The federal government has declassified portions of the Vulnerabilities Equities Policy and Process (VEP) revised charter detailing when it will divulge unearthed software bugs to vendors and users and when it will keep them hidden from view.
In plain English, the federal interagency process known as VEP is where the fate of newly found cyber vulnerabilities not yet in the public domain are determined. Will the feds allow a known flaw to be fixed by the vendor or left as is for possible weaponizing in cyber warfare? VEP is where and how those determinations are made.
The White House believes that opening aspects of the VEP to public review is a step in the direction of transparency, one designed to speak to criticism from the private sector on the VEP’s overly secretive internal processes. Certainly, the timing is right: The National Security Agency (NSA) has been roundly accused of stockpiling vulnerabilities to the detriment of software makers and users. Stashing bugs has made it a juicy target for adversarial hackers such as the Shadow Brokers, critics have argued.
Along with specifying how the feds will release cyber flaw information to the public, the 14-page document lists who has say-so on the VEP’s Equities Review Board -- it hadn’t been previously known who has a seat at the table to decide whether to give voice to a bug or keep it quiet.
Stakeholders include the Departments of Commerce, Defense, Energy, Homeland Security, Justice, State and Treasury as well as the CIA, FBI and NSA, the latter of which is designated as the “executive secretariat” tasked with record keeping, communications and drafting annual reports to Congress and the public.
Rob Joyce, the White House’s cybersecurity coordinator, oversees the entire process. In a blog post announcing the revamped VEP, he said “there can be no doubt that America faces significant risk to our national security and public safety from cyber threats.” The task, he said, is to “find and sustain the capability to hold rogue cyber actors at risk without increasing the likelihood that known vulnerabilities will be exploited to harm legitimate, law-abiding users of cyberspace.”
The government faces a balancing act between publicizing “every vulnerability discovered” and preserving “some select capability” to act against cyber criminals “whose actions might otherwise go undiscovered and unchecked,” Joyce wrote.
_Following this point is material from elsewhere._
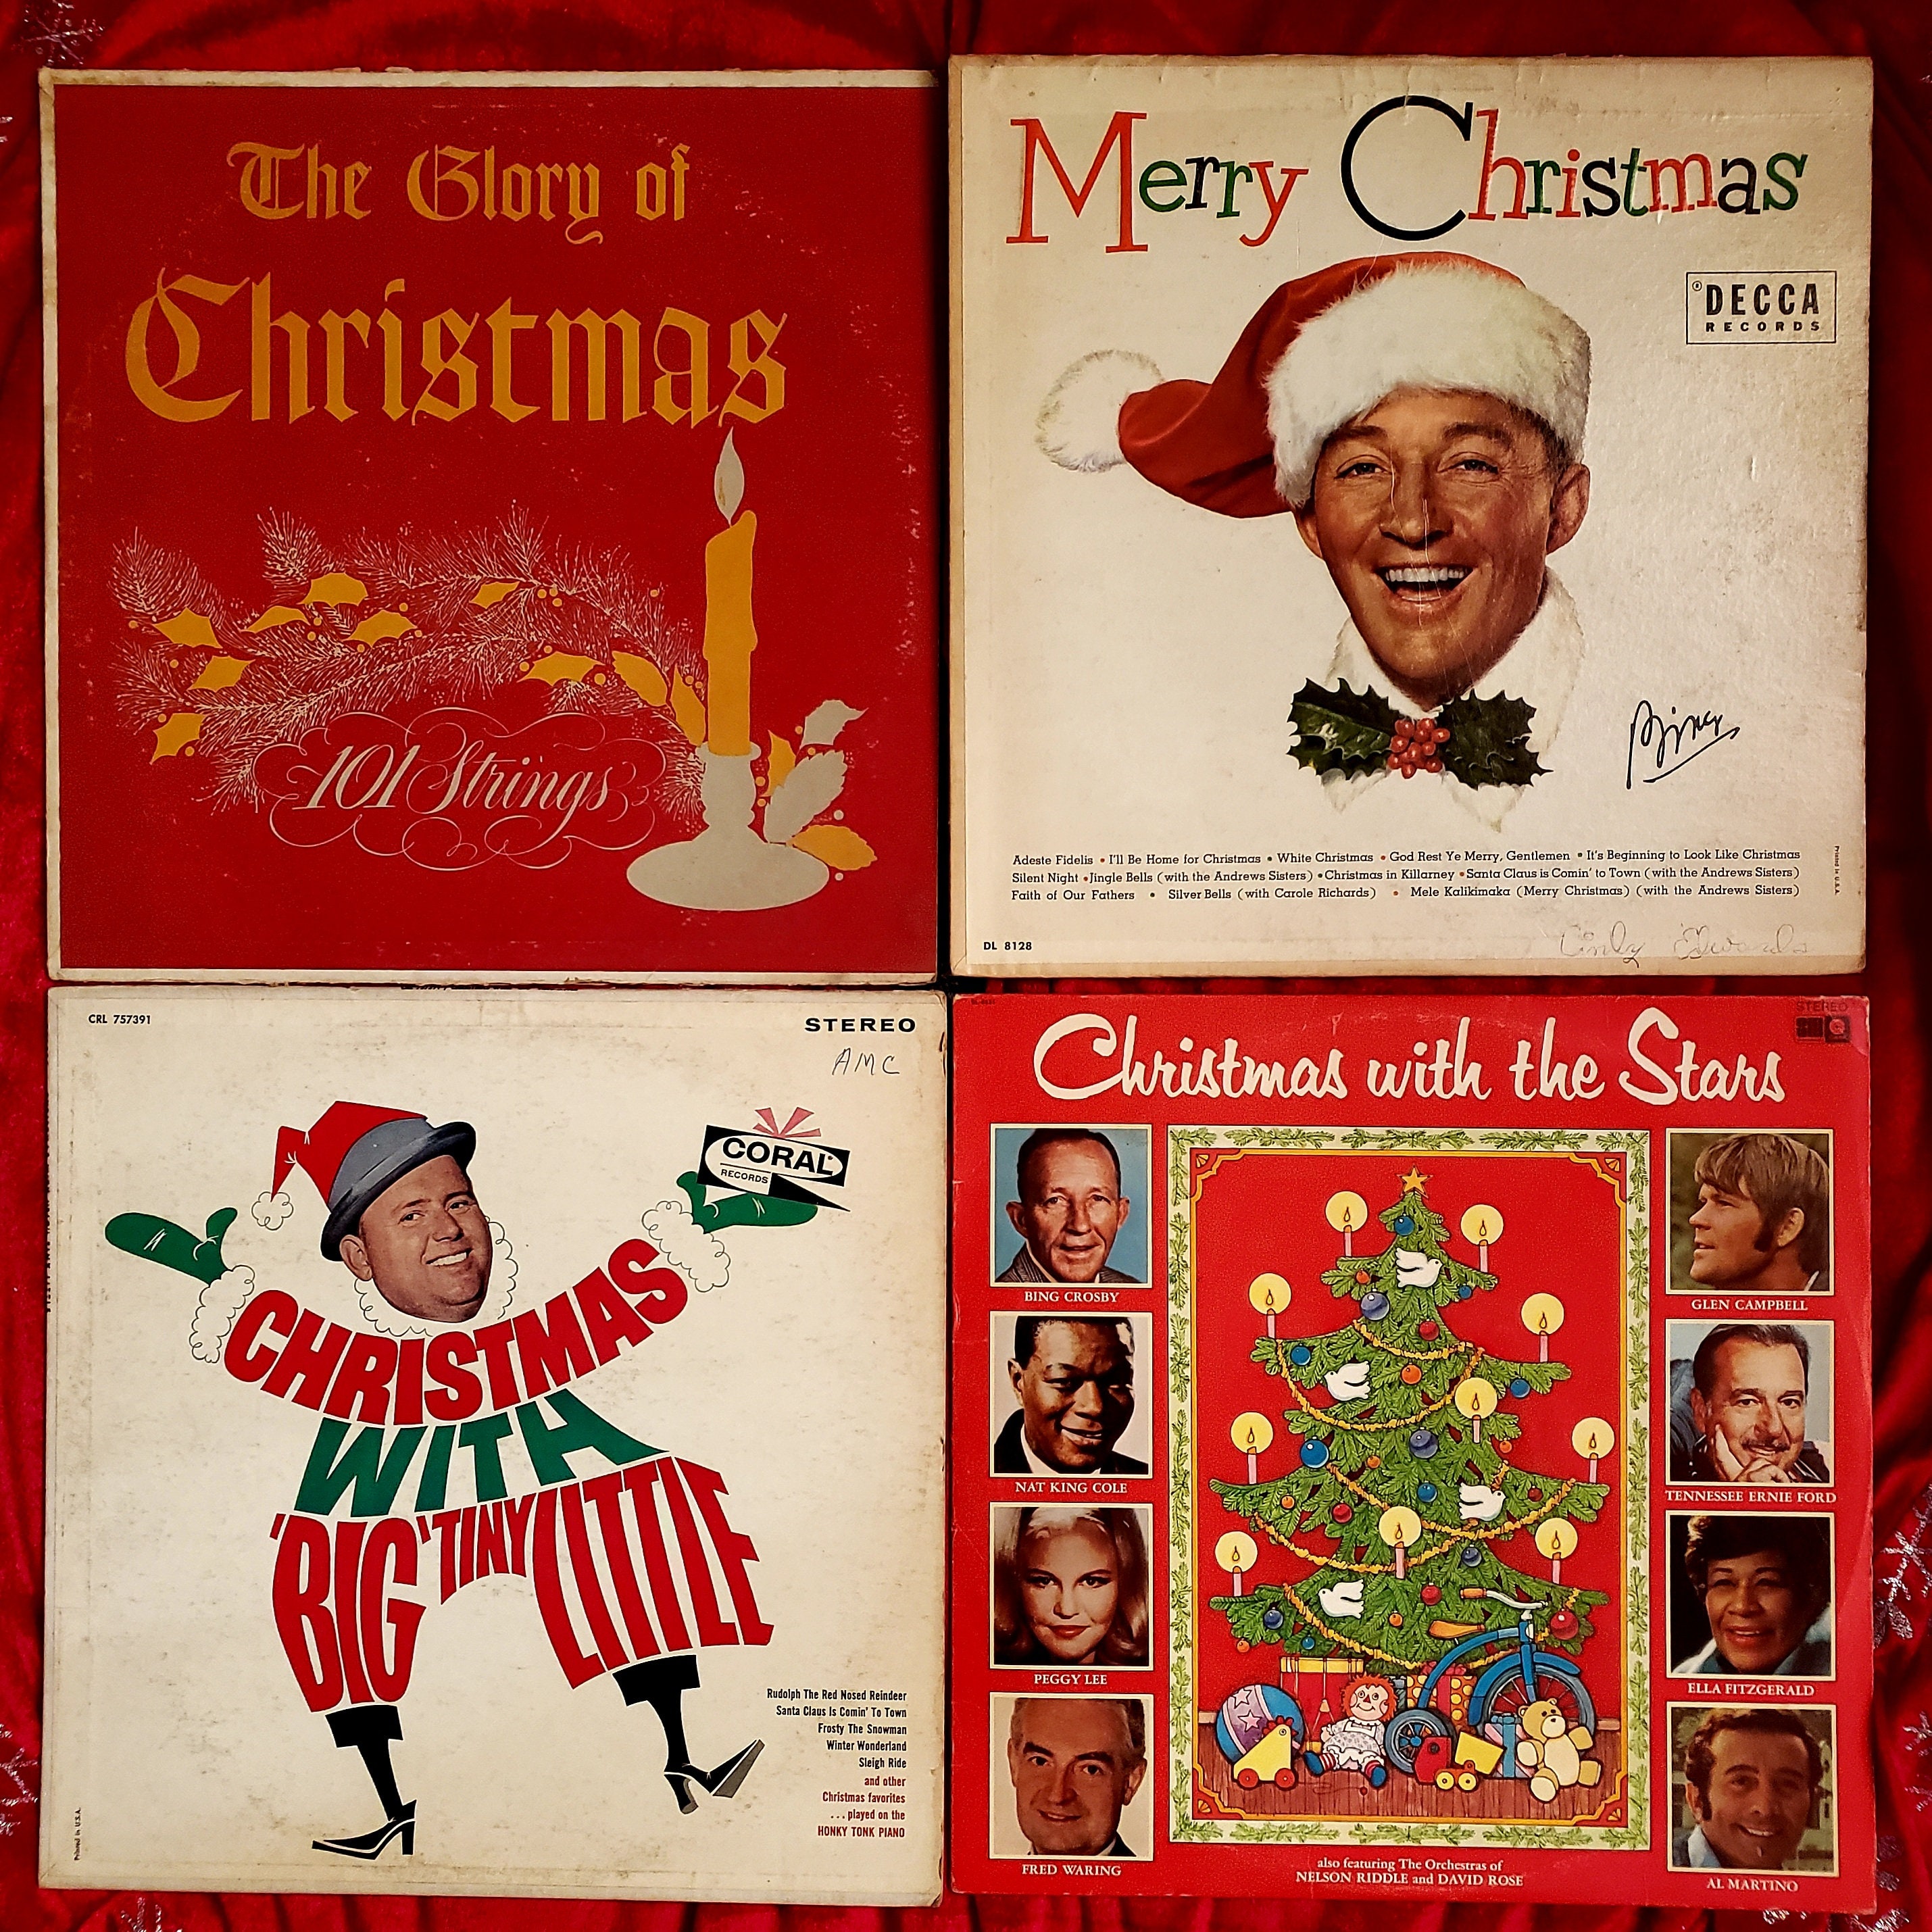 Vintage Christmas Album Covers: Random Lot for Crafting, DIY, Home Décor no  Vinyl Included

Until the Electronic Frontier Foundation (EFF) filed suit under the Freedom of Information Act last year to make the VEP public, it was deemed classified material.
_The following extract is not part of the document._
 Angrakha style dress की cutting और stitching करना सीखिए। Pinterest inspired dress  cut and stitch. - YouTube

“Many of the changes to the VEP do seem intended to facilitate transparency and to give more weight to policies that were previously not reflected in the official document,” wrote Andrew Crocker, EFF staff attorney, in a blog post. “In spite of these positive signs, we remain concerned about exceptions to the VEP.” In some cases, vulnerabilities that are part of the process can be restricted by non-disclosure agreements with outside contractors, he said.